Tonsil disease is well known. It is also known that Strep bacteria may hide in the tonsils and resist treatments. However, there are clearly published indications for the effective use of tonsillectomy. If there is an indication for a tonsillectomy, with or without PANDAS symptoms, this surgery may be recommended.
Nevertheless, a small study in 2015 suggested that kids who did not respond to antibiotics might benefit from a tonsillectomy. Although tonsillectomy is a commonly used treatment option for recurrent Strep tonsillitis, it is not an accepted treatment for PANDAS.
Just to elaborate on potential future research, there is apparently some unpublished data from Georgetown which is reported on the PANDAS Physician Network website. Physicians removed tonsils in kids and checked the bacteria found, comparing PANDAS and non-PANDAS kids.
Interestingly, Strep was found in the tonsils of non-PANDAS kids but not in the tonsils of PANDAS kids. The kids with PANDAS had tonsils that grew more Staph as well as other bacteria including E Coli, Pseudomonas, and Serratia. (These are huge names that mean nothing to you other than these PANDAS tonsils were filled with a variety of bacteria, but not Strep).
Sooo, what does this mean? It is unclear, but it could simply be a confirmation that a wide variety of bacteria can cause similar neurologic symptoms. And the bacteria would each respond differently to antibiotics, which highlights another reason why long term antibiotics would not be useful.

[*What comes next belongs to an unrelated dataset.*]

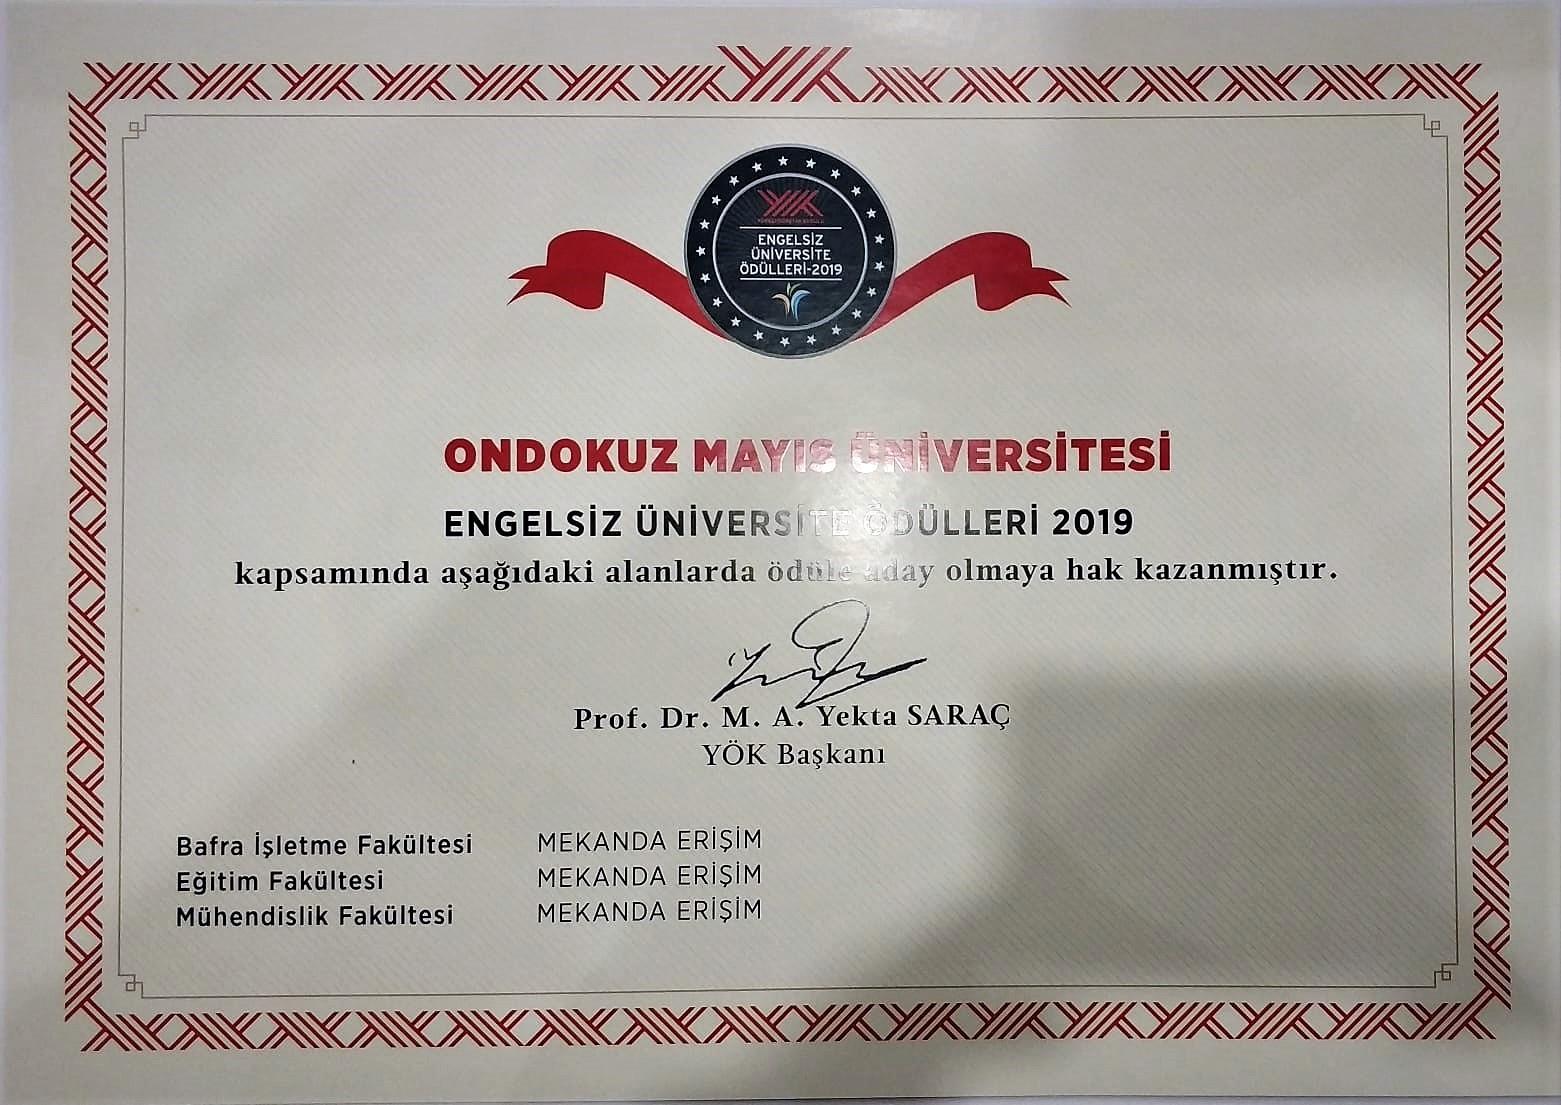 http://www.omu.edu.tr/sites/default/files/files/omuye_engelsiz_universite_odulu/omu_odul_mekan_erisim_aday_2019-05-15_at_16.30.09.jpeg

What is the prognosis with PANDAS treatments?
Symptoms tend to slowly get better over several months once the strep infection clears, but there may be ups and downs.
PANDAS is likely to come back if your child gets strep again. Meaning, kids are highly susceptible to recurrent episodes because they have become sensitized. Sometimes all it takes is exposure to the germ.
So remember the tips I shared about prevention with good hygiene habits, hand washing, changing toothbrushes often, and avoiding sick people.
Some people also recommend having other family members tested for Strep because it is possible to be a Strep carrier when there are no symptoms.